Only the other day I was reading John Regan’s article about Hart and the controversy surrounding the killing of Protestants in West Cork by the IRA: he was harshly critical of Hart’s approach to the source material but said more or less the same things about him as Brian did on CLR. If this is enough to get yourself blacklisted, so be it – personally I would much rather find myself on a ‘disapproved historians list’ with Hanley and Regan than get your tick of approval.

Like

EWI - April 28, 2012

Yeah, I was mystified by RW’s comment as well. Historical criticism and the poltically-inspired anti-Irish republican campaign know as ‘revisionism’ are two very different beasts, and Regan and Hanley belong to the first, not the second, in my opinion.

Like

WorldbyStorm - April 28, 2012

I don’t believe Brian Hanley has ‘defended’ Peter Hart. It’s exactly as Ed said, that the waters had been muddied by the likes of EH, but that Hart while erring had done some good research even if the conclusions (and a few stops along the way) were problematic.

I like Regan too.

But, even if their BH and Regan’s view is very much one I’d share I’m very much agin approved lists too.

Like

EWI - April 28, 2012

but that Hart while erring had done some good research even if the conclusions (and a few stops along the way) were problematic.

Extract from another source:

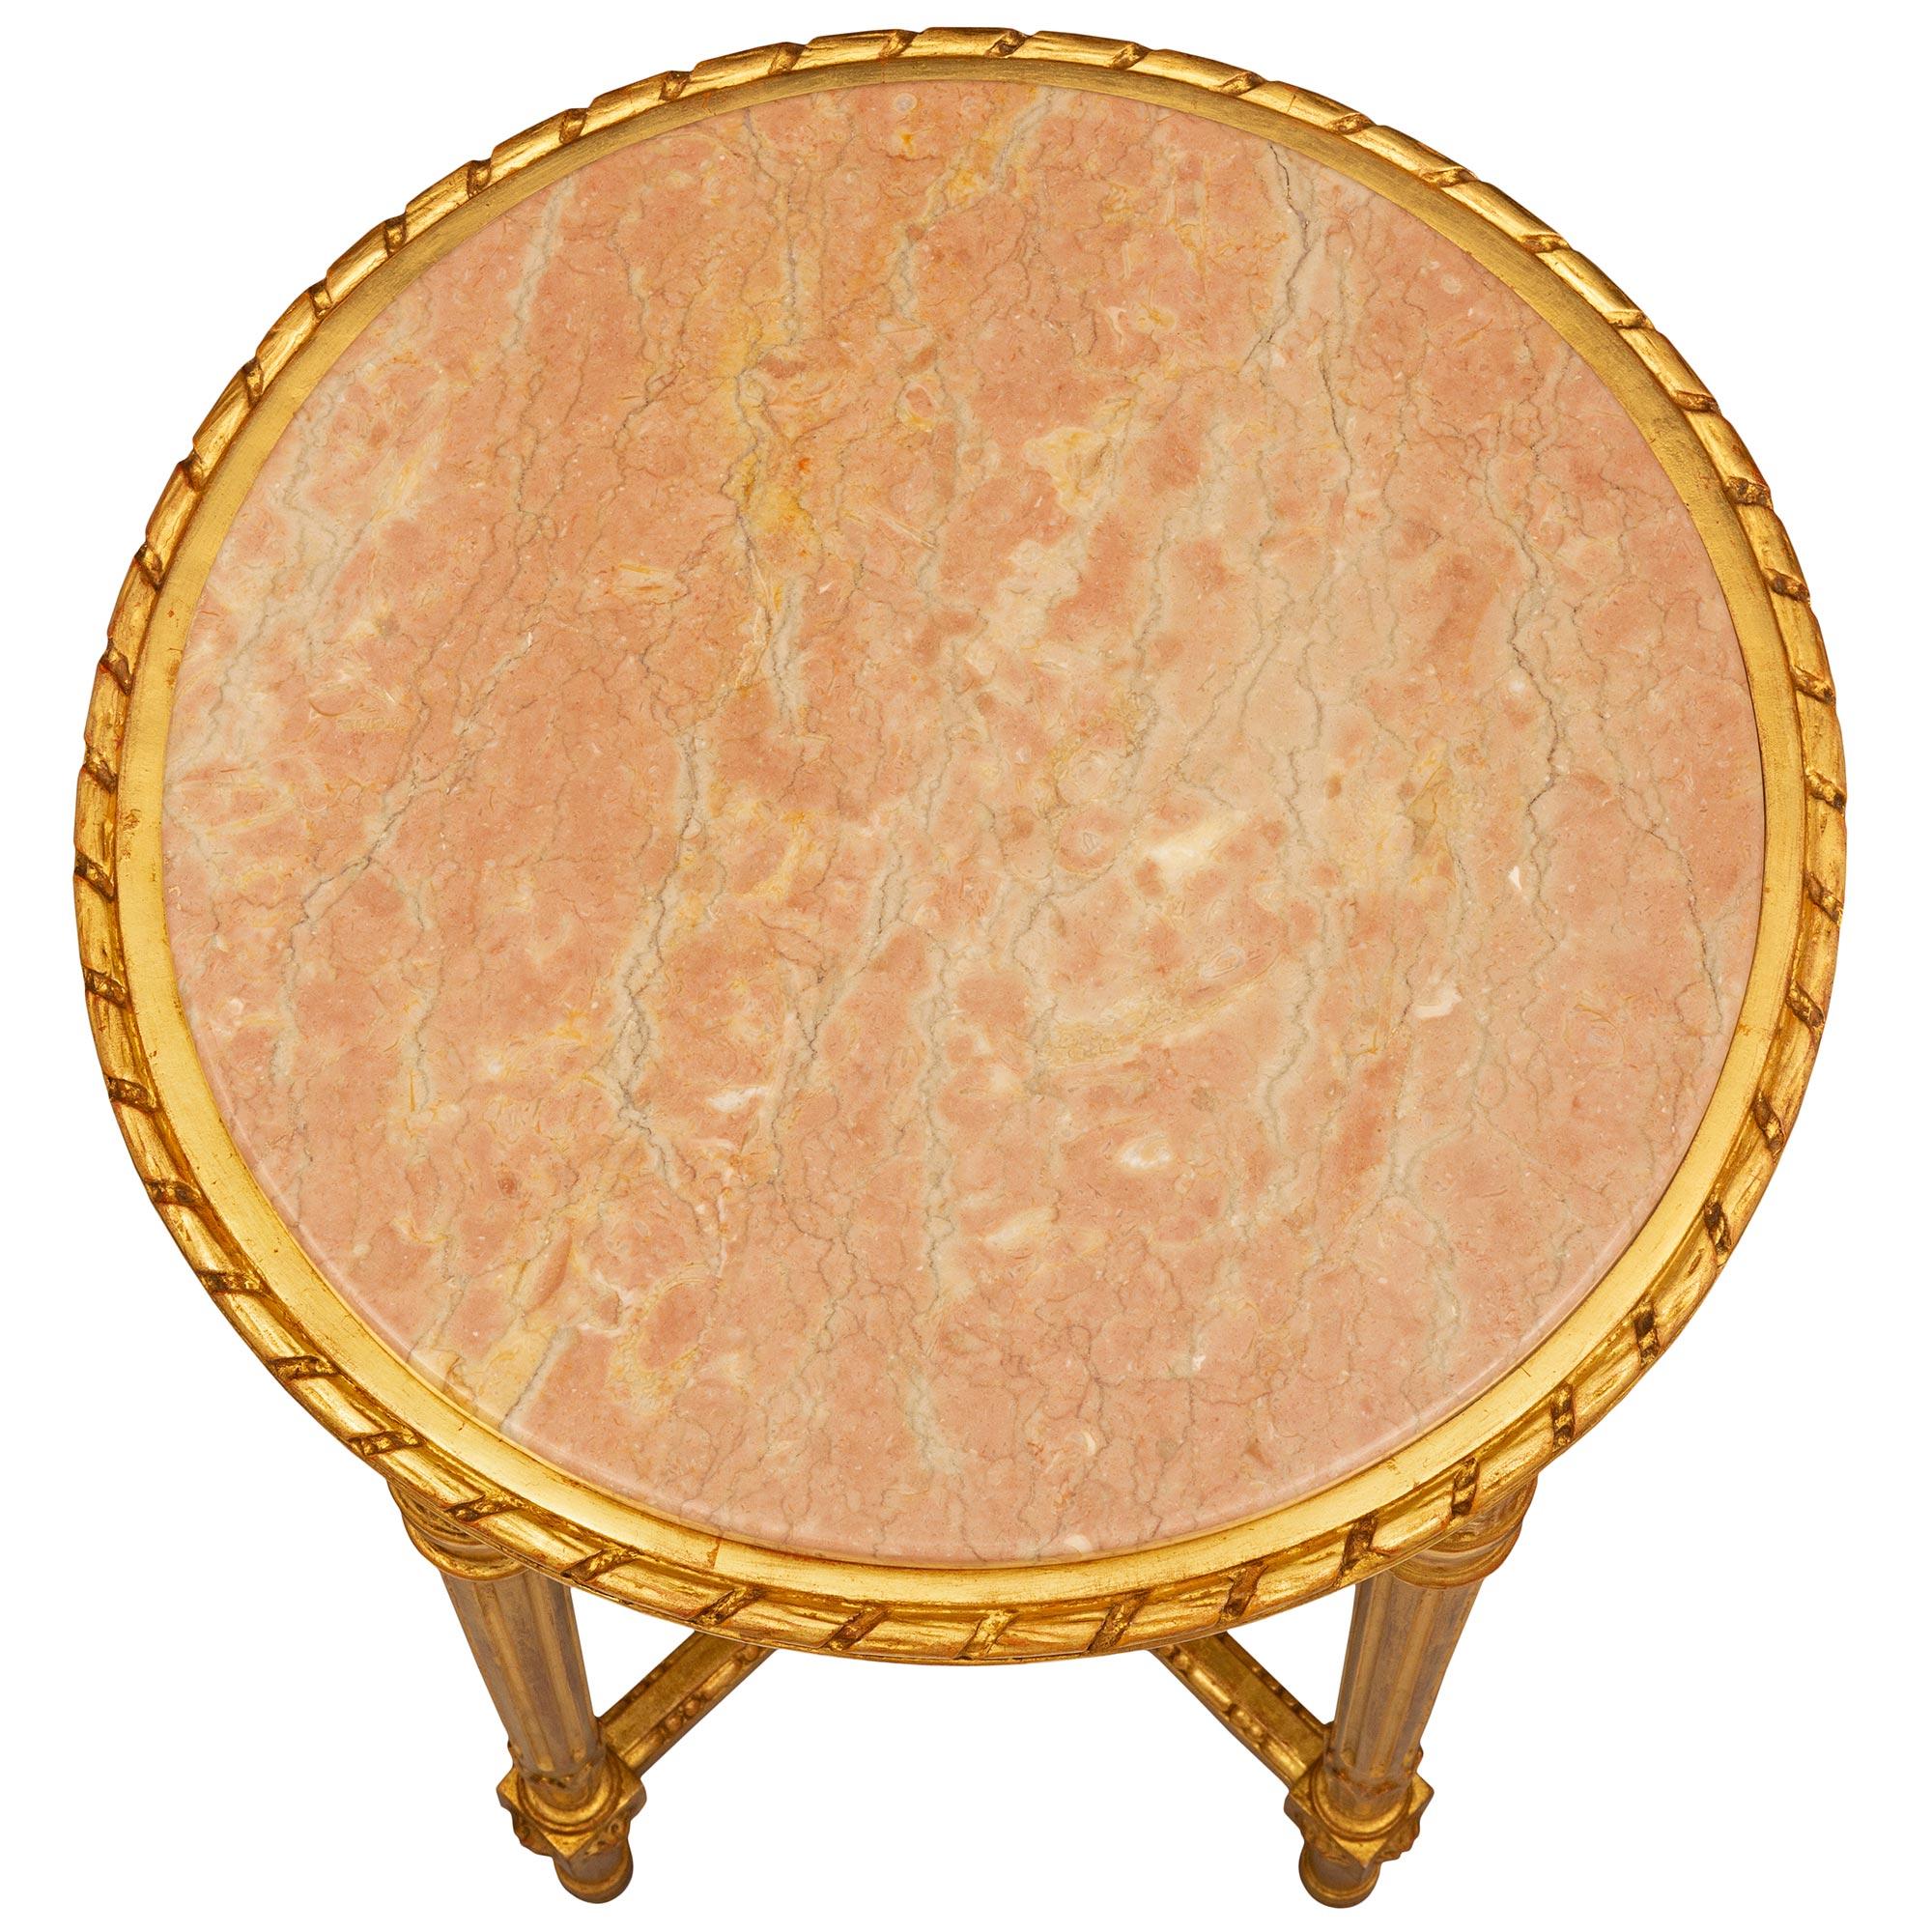 Ein sehr eleganter italienischer Beistelltisch aus dem Louis XVI Jahrhundert aus vergoldetem Holz und Rose Phocéen-Marmor. Der runde Tisch steht auf schlanken, kreisrunden, konisch zulaufenden, kannelierten Beinen mit hübschen, topieförmigen Füßen

This is something I can’t agree with at all, I’m afraid. Hart was a fraudster, pure and simple.

Like

EamonnCork - April 28, 2012

He’s not ‘a fraudster pure and simple.’ There’s a lot of very interesting stuff in his Cork IRA book, it’s by far the best book on the subject. I’m far from a revisionist, when I wrote my own book one of my aims was to combat the narrowly anti-republican viewpoint of most books written about Ireland in the seventies and eighties. But, with respect EWI because I often agree with you on things, this stuff of damning people’s work completely because you disagree with them politically is a dead end.
Roy Foster is a revisionist who I would have nothing in common with politically. Tim Pat Coogan is a republican who I’d agree with on most things. But the first wrote better books because he was a better writer. It’s up to the reader to be sufficiently informed to know when political bias is coming in to the equation.
Personally I find ATQ Stewart’s unionist triumphalism, for example, to be well nigh on unbearable but it’s worth reading The Narrow Ground just to get an articulate and interesting presentation of his side’s viewpoint. If we read nothing but stuff we find politically congenial we end up like those American right-wingers who watch nothing but Fox News.
Anyone interested in the period, republicans included, would find Hart’s book extremely interesting, even if there is one section they should perhaps take under advisement. It beats the pants off reading My Fight For Irish Freedom and and the like.
I would personally disagree with all that ‘ethnic cleansing’ and ‘genocide’ stuff written about the Dunmanway killings. But I’d agree with Brian Hanley that Hart’s name has largely been dragged through the mud because he found his work being used by others in an ancient and tedious mudslinging battle.
I remember reading the book when it came out and never suspecting that Hart would end up being portrayed as some kind of Kevin Myers figure. I’d hope anyone commenting on it has read the whole book and not just the various defences of and attacks on it on the web and in other places.
‘Approved Historians.’ That’s the kind of guff which gives any cause a bad name. Perhaps RW was joking, I hope so.

Like

WorldbyStorm - April 28, 2012

I think that’s a crucial point you raise. We can’t just box ourselves into our own approved historians list and ignore the stuff outside. I’m no fan at all of Foster politically, but I’d fully agree about his writing, and I’d go further and say that it’s essential to read what he writes because it’s valid history – albeit with a political bias. It doesn’t make him right and all others wrong, or vice versa. Interpretation is up for debate, but even as an exercise it’s important to get to grips with revisionism and indeed all after becuase revisionism is getting very long in the tooth at this stage.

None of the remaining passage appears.